His on the ball defense is adequate at the collegiate level, but will be a problem in the NBA. He is likely have a problem staying in front of quicker point guards, but that’s true of most NBA defenders.

He is not much of a factor on the defensive glass though he’s willing to give up his body if the rebound is in his area. He does not go out of his way to clear the defensive glass and seems content to let his bigs do that job.

INTANGIBLES

Fredette is a fiery competitor and obviously loves the game of basketball. This typically leads to improvement over the course of an NBA career as many of his peers won’t work as hard on their weaknesses. He has room for improvement in the halfcourt as a playmaker, but it’s not a certainty that he will improve in that area. Court vision is a gift, and Fredette probably has it given his ability to hit the right guy on the break. It will require a change in mentality, however. At BYU, as he drives to the hole, he’s probably going up with a shot nine out of ten times. But if he’s playing point in the NBA, that will need to drop to 50/50-ish split, a la Steve Nash. He may never have the court vision that Nash has, but he can still have a productive NBA career.

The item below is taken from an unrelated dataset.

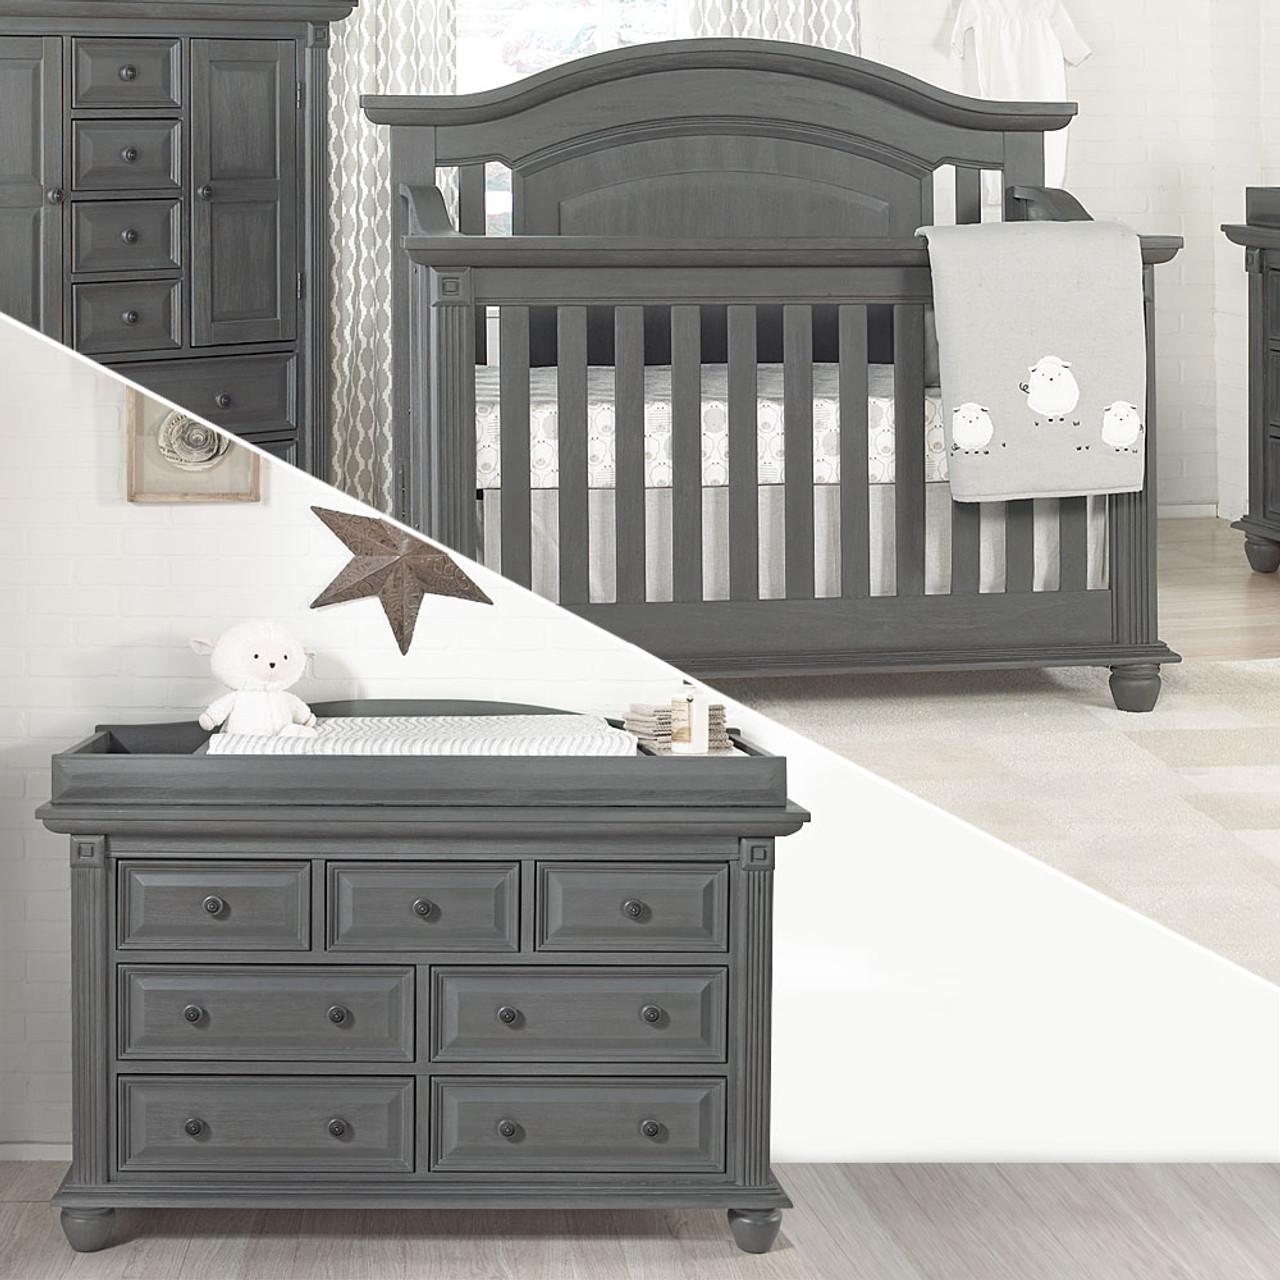 oxford baby london lane 2 piece nursery set crib dresser in arctic gray
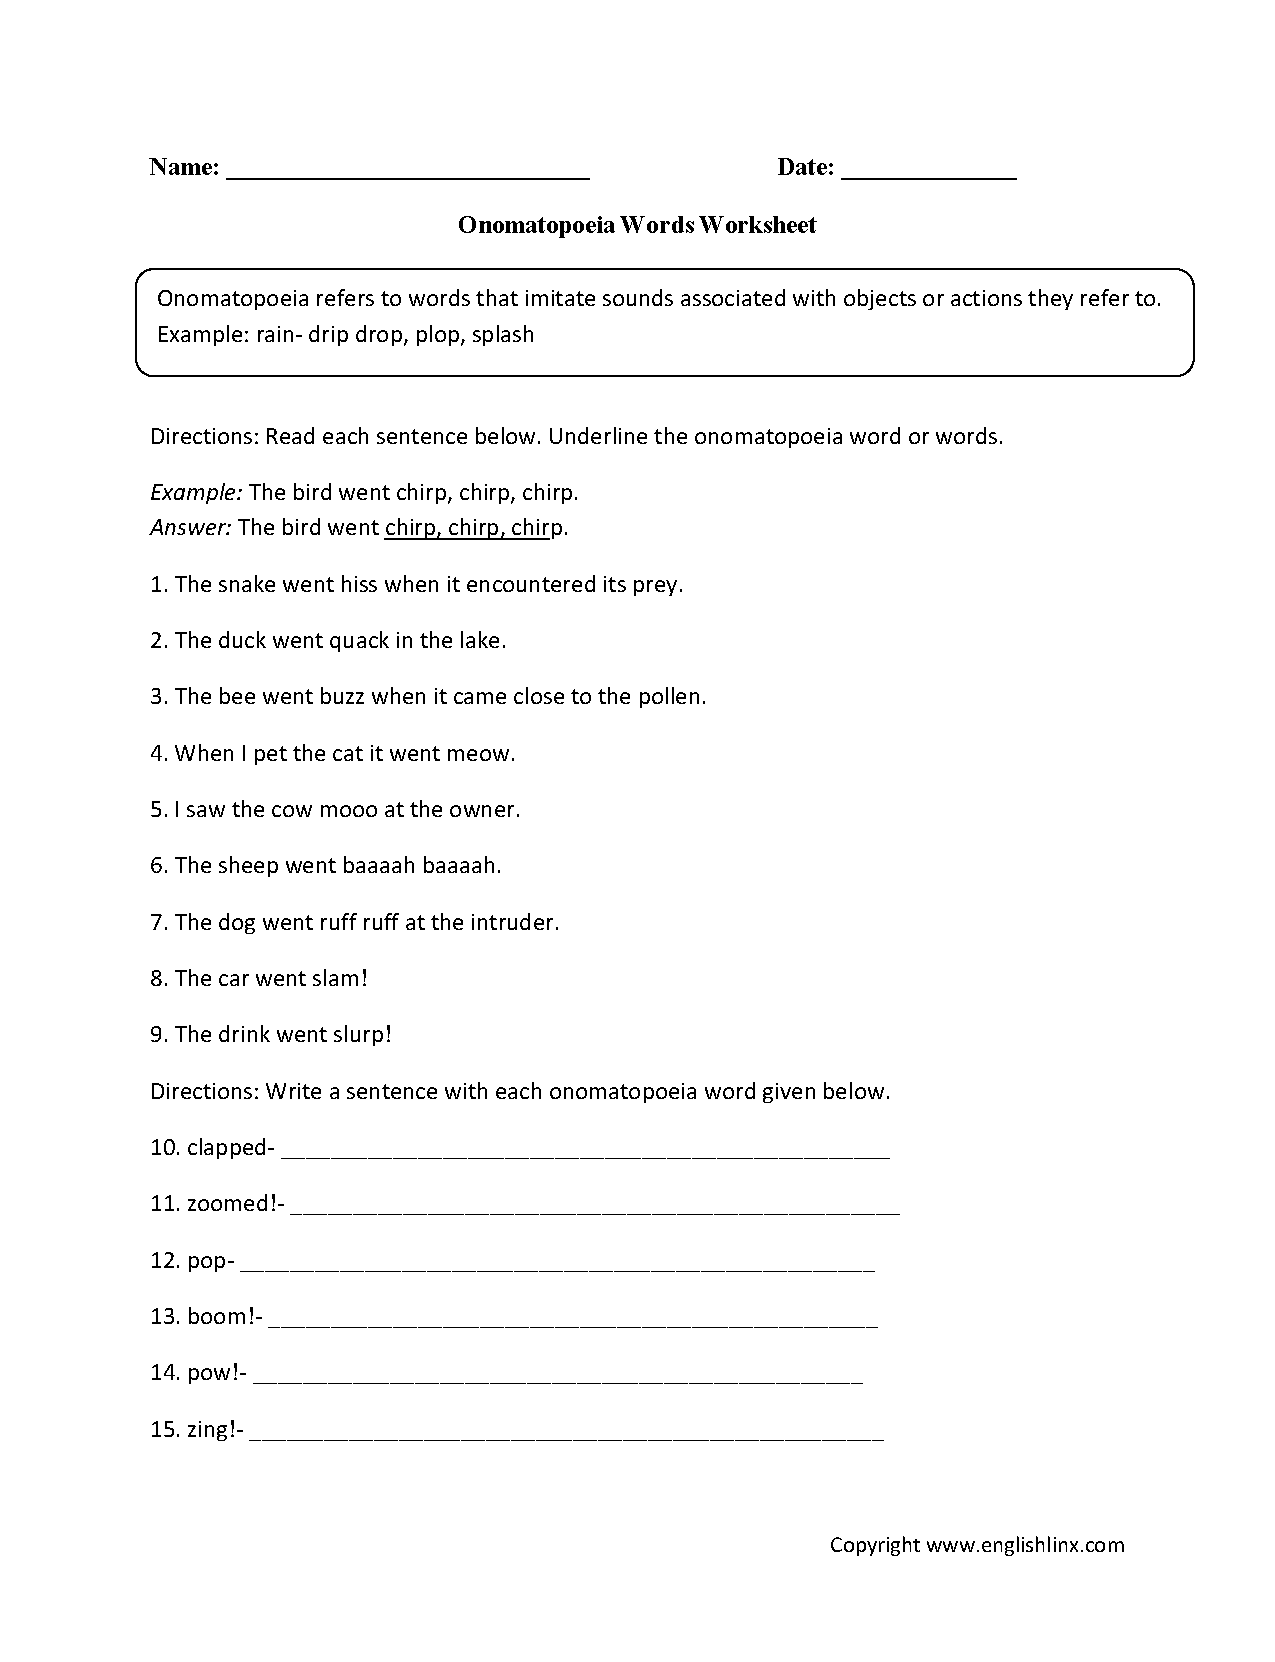 medium resolution of Englishlinx.com   Onomatopoeia Worksheets   Figurative language worksheet

NBADraft.net currently has Fredette slated to go #23 to Orlando. DraftExpress is more optimistic, and has him going #13 to the Suns. I believe Fredette’s floor is as a rotation player. He can certainly match up with the combo guards that are currently coming off the bench in the NBA. Given his age (21), his upside probably isn’t as great as his peers, but he has a head start on most of his draft class and should be able to contribute immediately to a playoff caliber team. If he’s able to become a better playmaker in the halfcourt and can figure out a way to stay in front of most professional point guards, he certainly could become a solid starter in the NBA. He’d likely thrive in Mike D’Antoni’s up-tempo system where he’s freewheeling, aggressive offense is far more important than his problems on defense.

In the right system, I think he’s a lottery pick. He actually reminds me another Sun; he’s sort of a right-handed Goran Dragic. Jimmer is a better shooter, but not quite the athlete that Dragic is.